Don't forget oil companies unless you can't stomach the idea. Chevron (NYSE:CVX) and ExxonMobil (NYSE:XOM) are fierce defenders of their dividends and, obviously, huge beneficiaries of sky-high oil and natural gas prices. Chevron is still up 22% on the year after falling 3.5% in September.

Lastly, experts tout the idea of dollar-cost averaging into stocks or mutual funds. That is, put money into a stock or fund you believe in on a regular basis. You build up more shares as you go along at a lower overall price, and, when the market turns, you're set up.

Index funds thrive on investors doing just that and charge low fees.

What to avoid right now are investments that require taking on a lot of debt. A house, for example. Shares in homebuilding companies, which depend on priced mortgages for customers. Some retailers, whose startups depend on regular infusions of cash.

The best phrase that describes how one should look at investing now that September has gone away is: Be careful out there.

Market sentiment is horrible.

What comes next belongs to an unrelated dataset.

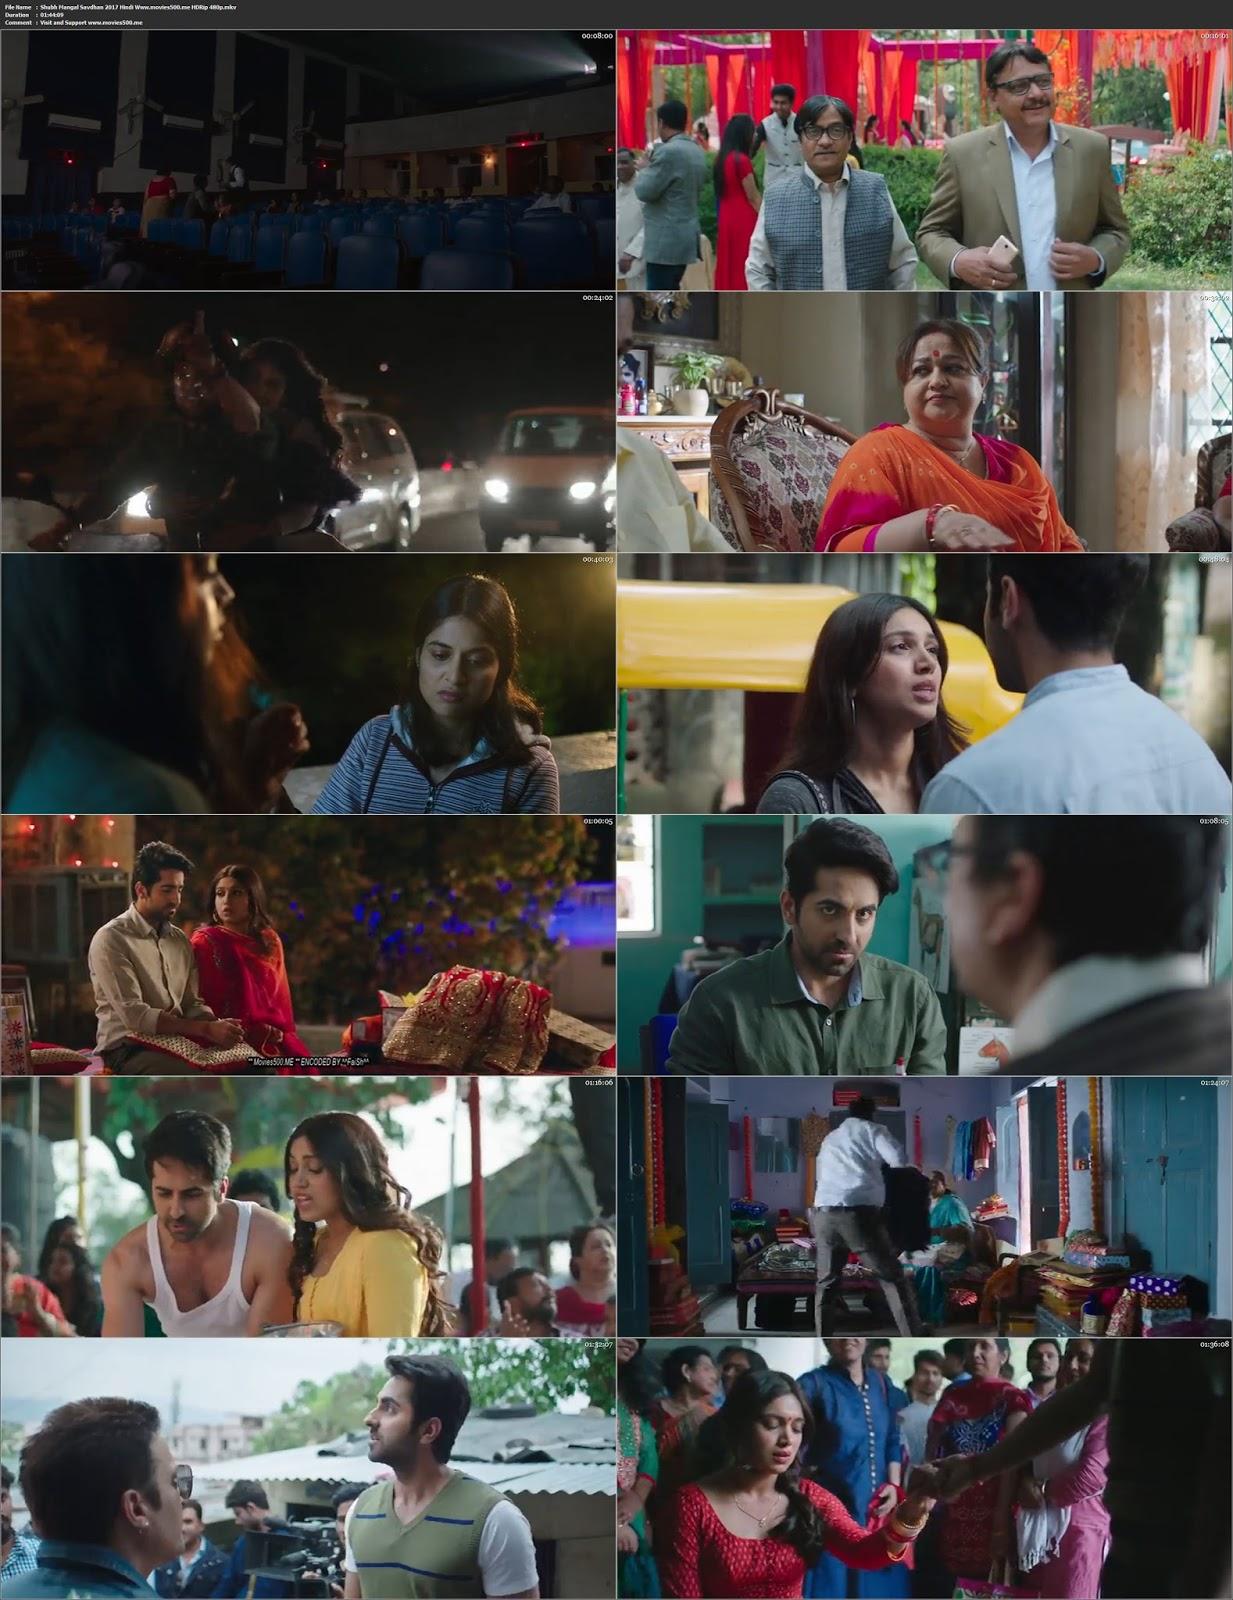 Shubh Mangal Saavdhan 2017 Bollywood 300MB HDRip 720p at newbtcbank.com
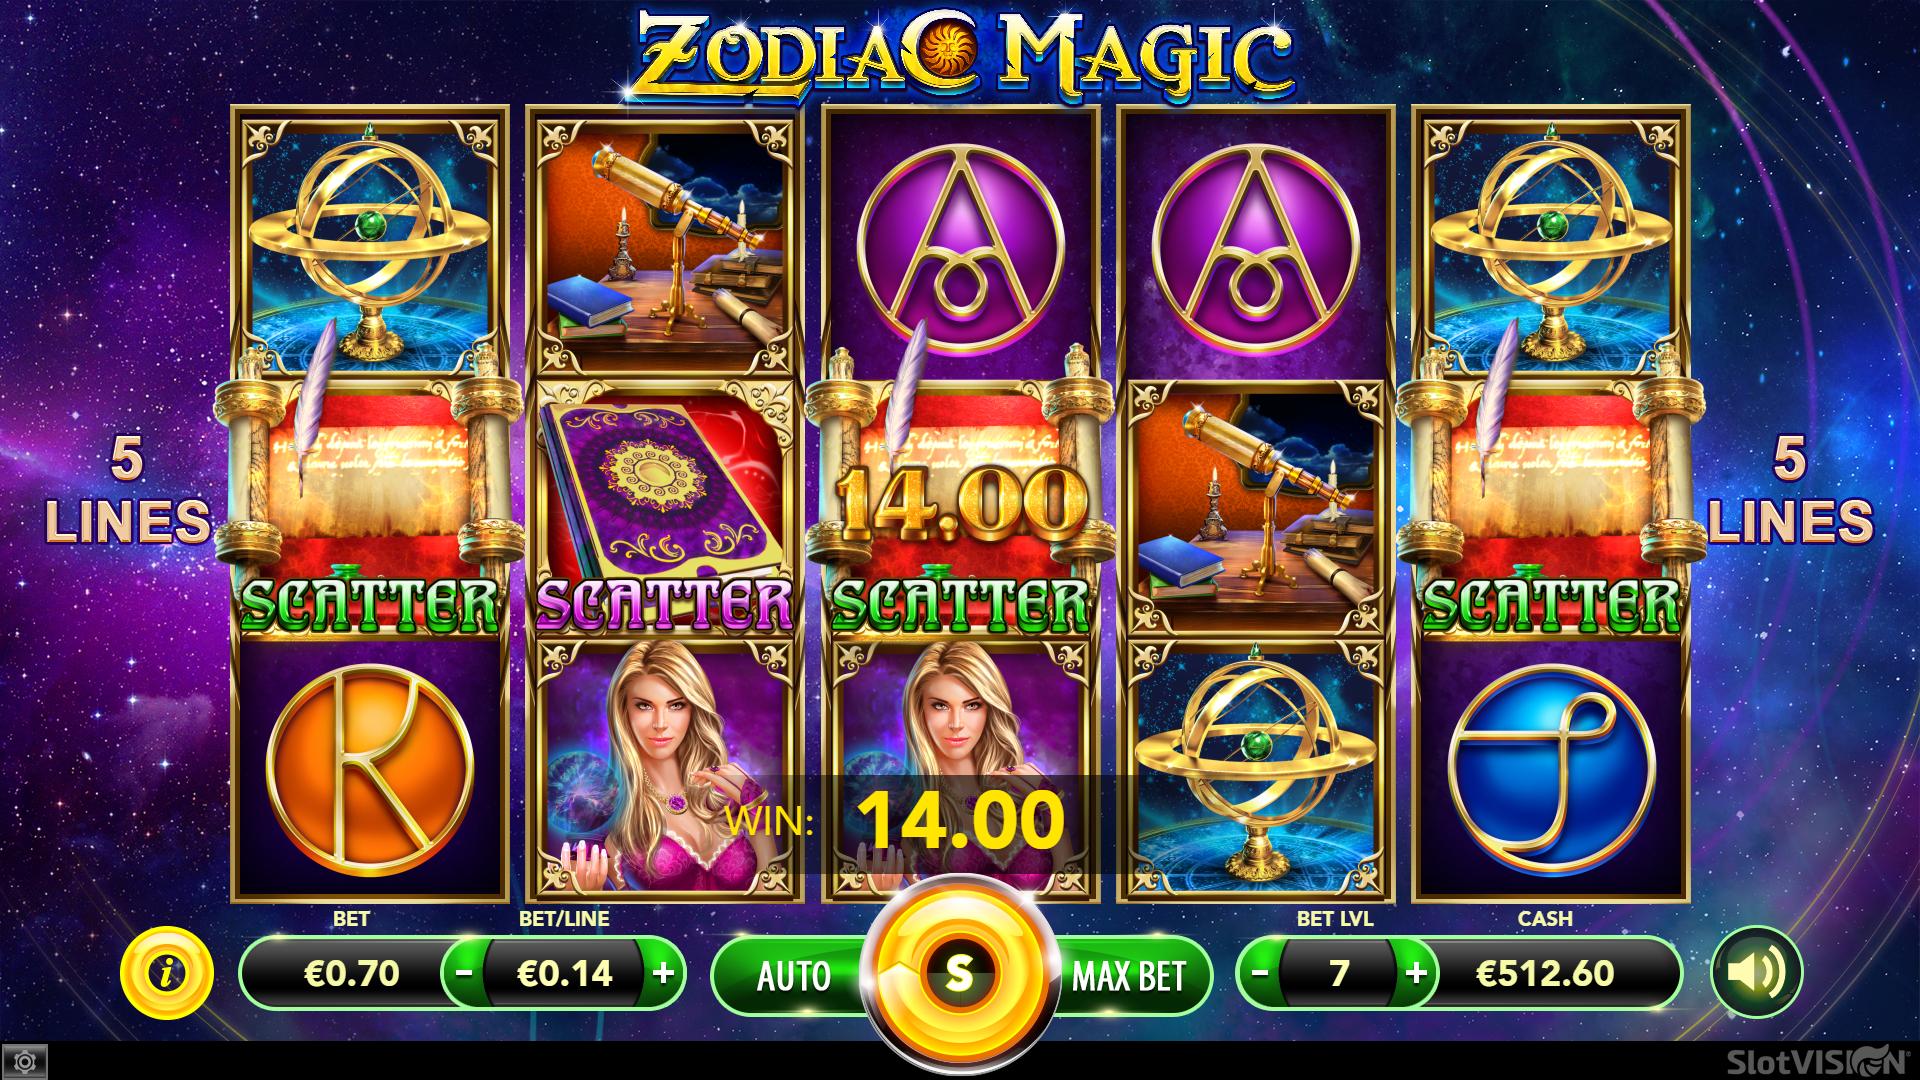 Casino ägare Slots Magic Hobbyfilmer

Here's an example. Stocks making new 52-week highs in September totaled 535, according to Barchart.com data. Stocks making 52-week lows totaled 11,580.

But bear markets end and open new opportunities for the smart investor. The 2008-2009 bear market started in October 2007 and bottomed after a bit more than 16 months. That set off a powerful rally that saw the Dow recover all its losses in just five months.

The task for anyone trying to decide right now what to do is to map out both the hoped-for goals and the process by which the goals are achieved.

Homework pays off.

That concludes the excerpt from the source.